Ce qui pouvait paraître merveilleux au premier abord était, en vérité, tout simple. La colline ou kopje où les voyageurs venaient de se voir arrêtés était occupée par un commando(corps franc) boer, placé sous les ordres d’Agrippa et qui surveillait la ville anglaise de Boulouwayo. Quelques heures plus tôt, au lever du jour, Benoni était venu se jeter avec ses captifs dans les avant-postes du camp. Appréhendé et conduit en présence d’Agrippa, il avait dû subir un interrogatoire, ou, pour mieux dire, M. Weber avait tout conté. Le Levantin, enfermé au corps de garde, y attendait avec son acolyte un transfert prochain à Prétoria, tandis que le bon savant et Tottie recevaient les soins de l’hospitalière famille Mauvilain ; le chef se proposait de les renvoyer sous bonne escorte à Massey-Dorp, aussitôt après leur avoir fait prendre un repos nécessaire ; et voici que l’ardente sollicitude de Colette, servie par l’impeccable flair de Phanor, prévenait ses intentions en réunissant ceux qui avaient tant souffert de leur brutale séparation !…

Agrippa se félicitait hautement de cette heureuse fortune ; il espérait que ses bons amis lui feraient l’honneur de se reposer chez lui de leurs émotions et de leurs fatigues. Sans doute, son hospitalité n’avait rien de somptueux : des lits de feuilles, des couvertures de laine et les vivres du soldat boer — le plus sobre des soldats — étaient tout ce qu’il pouvait mettre à la disposition de ses visiteurs… Mais non — il se trompait — et leur réservait une surprise inattendue, qui leur vaudrait mieux que le luxe d’un palais babylonien ou d’un mess d’officiers britanniques…

Qu’était cette surprise ? Mme Massey et Colette se le demandaient, au milieu des sourires ravis de dame Gudule, de Nicole et de Lucinde, des sourires malicieux de Cadet et des autres, quand elles virent descendre d’une voiture d’ambulance, accourant au grand trot, qui ?

M. Massey lui-même, avec Henri et Gérard, et le docteur Lhomond, tous en tenue de toile blanche, avec la croix rouge au bras !…

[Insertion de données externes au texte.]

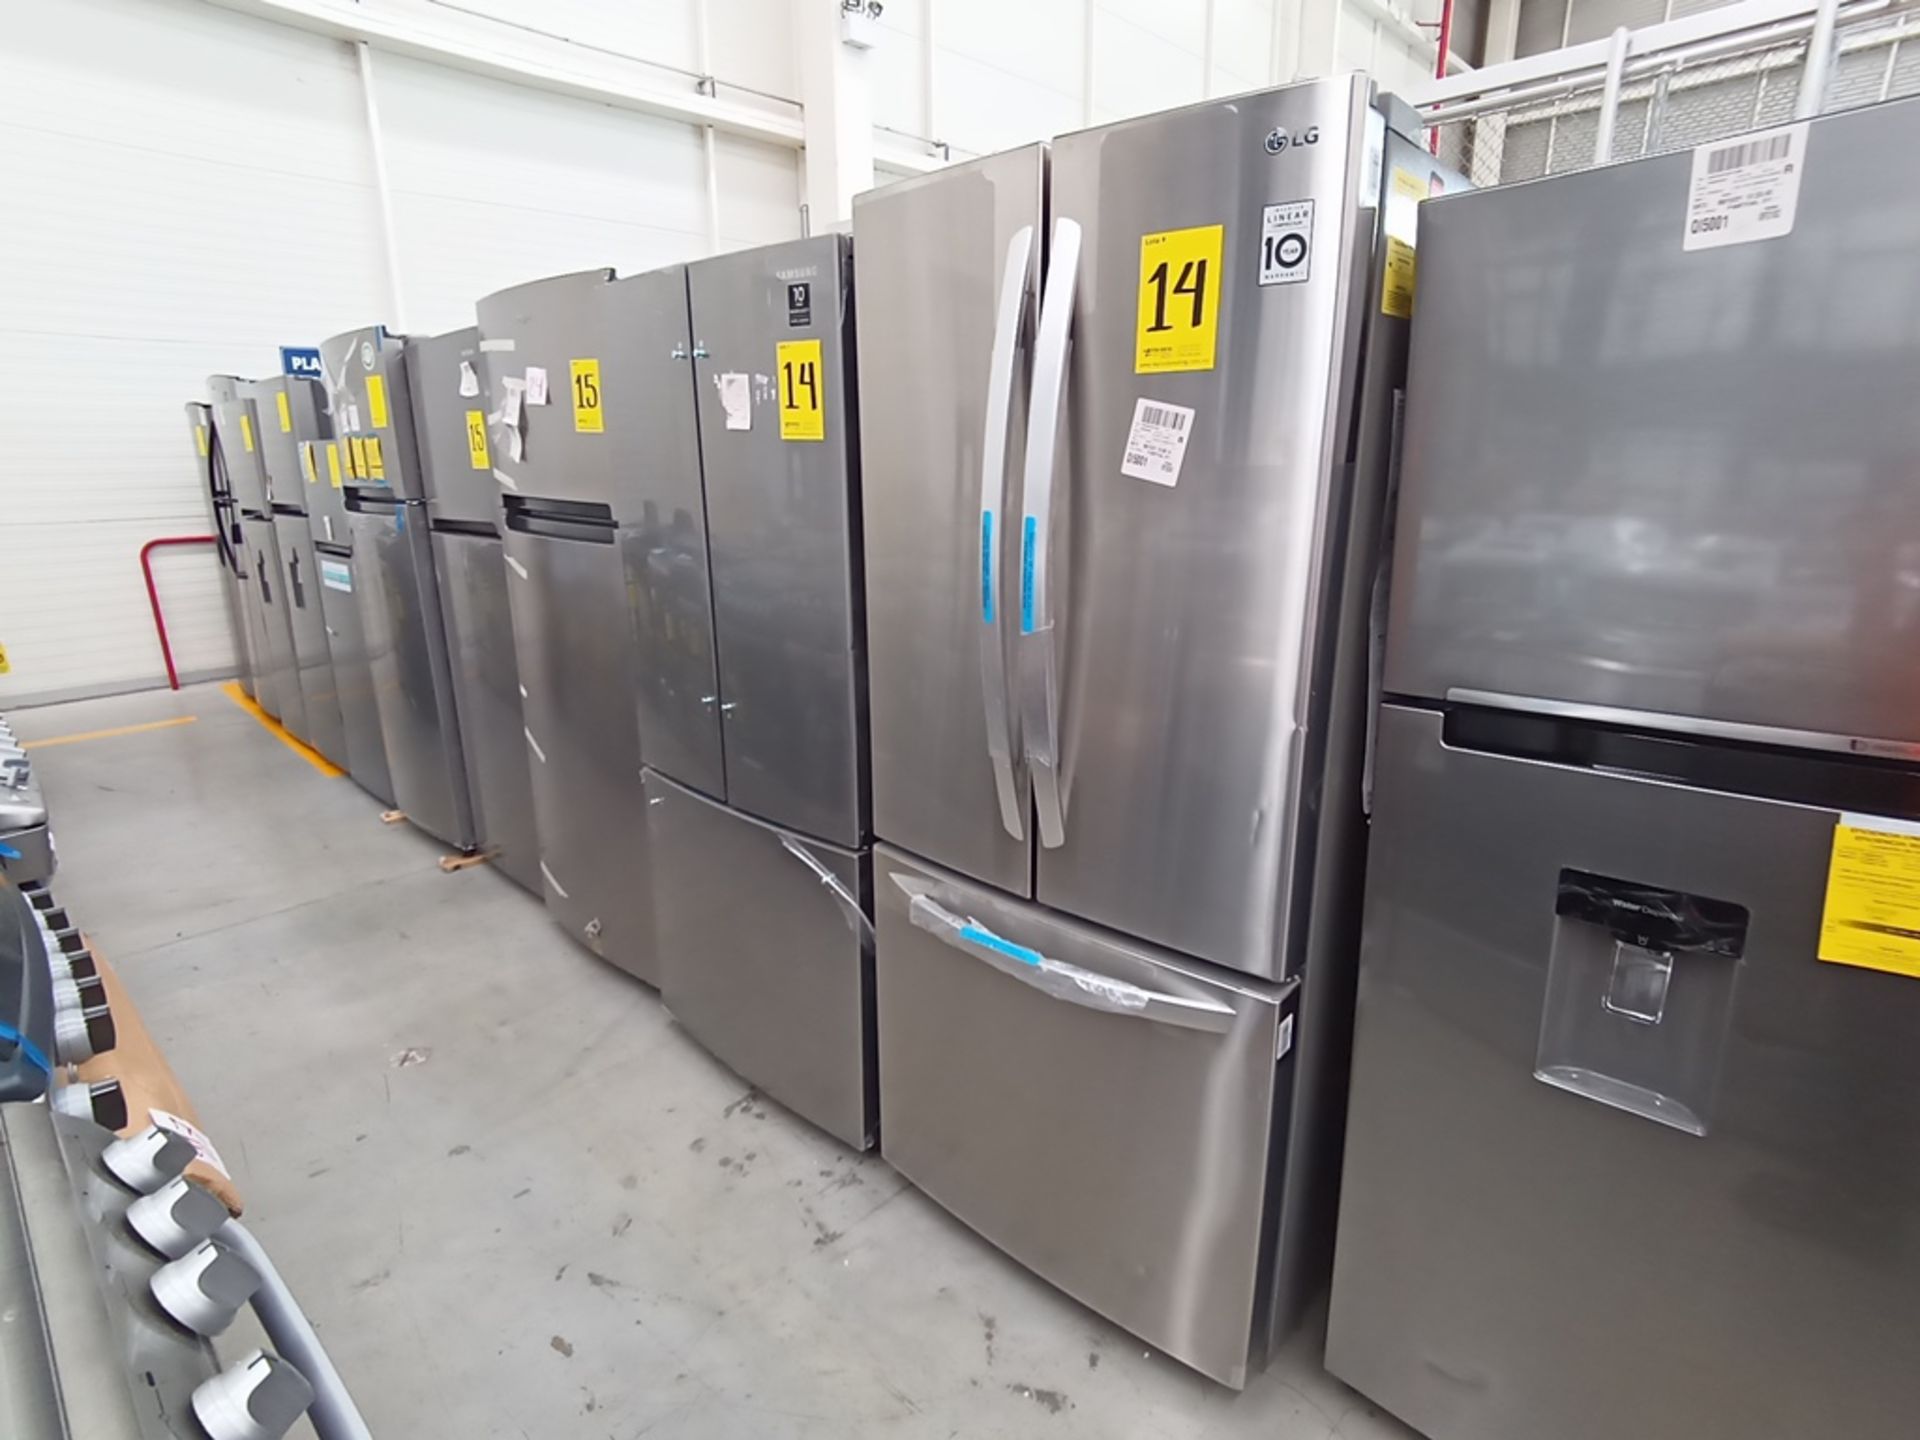 Lote de 2 refrigeradores contiene: 1 Refrigerador Marca LG, Modelo GF22BGSK, Serie 107MRMD4S595, Co - Image 5 of 16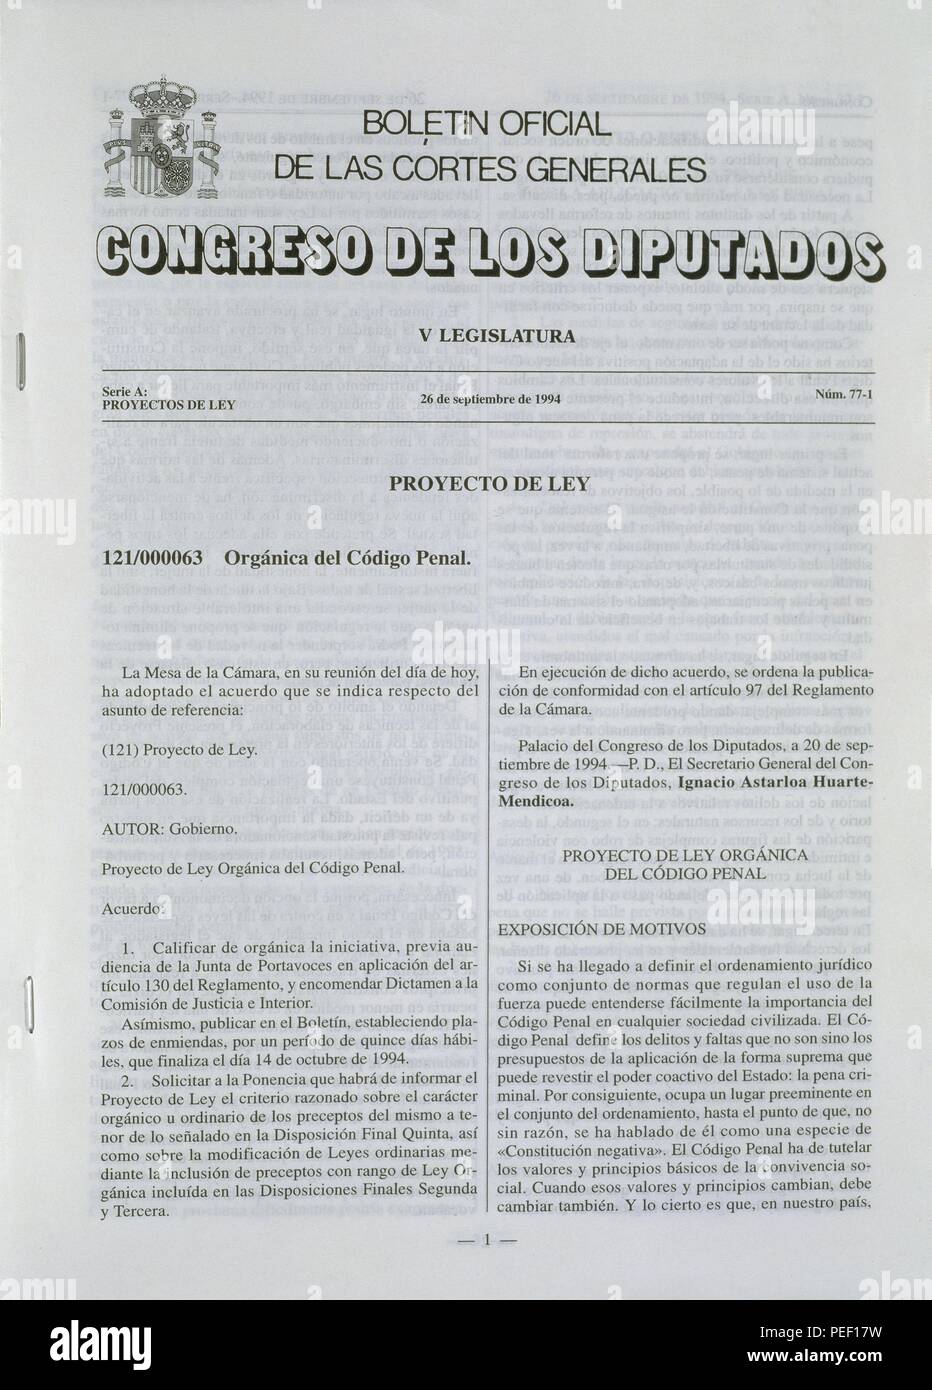 BOLETIN OFICIAL DE LAS CORTES GENERALES - CONGRESO DE LOS DIPUTADOS -  PROYECTO DE LEY ORGANICA DEL CODIGO PENAL - 1994. Location: CONGRESO DE LOS  DIPUTADOS-BIBLIOTECA, MADRID, SPAIN Stock Photo - Alamy

Enrôlés au service de la Société de secours aux blessés, ils avaient rencontré Agrippa Mauvilain à Prétoria, l’avaient suivi au camp de Maversneck et venaient de le rejoindre à Johannskopje, au nord de Boulouwayo. Au moment de l’arrivée des voyageurs, ils se trouvaient dans la vallée adjacente, occupés à aménager l’hôpital du camp. Un messager d’Agrippa les avait promptement avisés de l’heureuse nouvelle, et ils accouraient satisfaits autant qu’on peut l’être de voir sains et saufs tous ceux qu’ils aimaient.

Comment exprimer leur joie profonde ? Des heures s’écoulèrent à se conter mutuellement les choses qui s’étaient passées depuis leur séparation. M. Massey, que les lettres de sa famille n’avaient pas atteint, apprit l’attaque dirigée par Benoni, l’expérience décisive de la poudre K, l’enlèvement de Goliath. De son côté, il expliqua le retard de ses négociations à Kimberley, du fait de la guerre imminente, et son voyage à Prétoria, et les motifs qui l’avaient amené avec ses fils, pour maintenir une stricte neutralité et la rendre évidente, à prendre la Croix rouge. Il était bien certain, d’après l’itinéraire même suivi par Benoni, que son projet avait été de livrer le canon et les obus aux autorités anglaises de Boulouwayo. La guerre ayant éclaté sur ces entrefaites et les troupes des deux républiques sud-africaines, Transvaal et Orange, ayant pris les devants en envahissant les colonies anglaises du Cap et du Natal (sans parler de la Rhodesia), il était à craindre que Mauvilain ne considérât le chargement de Goliath, à destination de l’ennemi, comme butin de guerre.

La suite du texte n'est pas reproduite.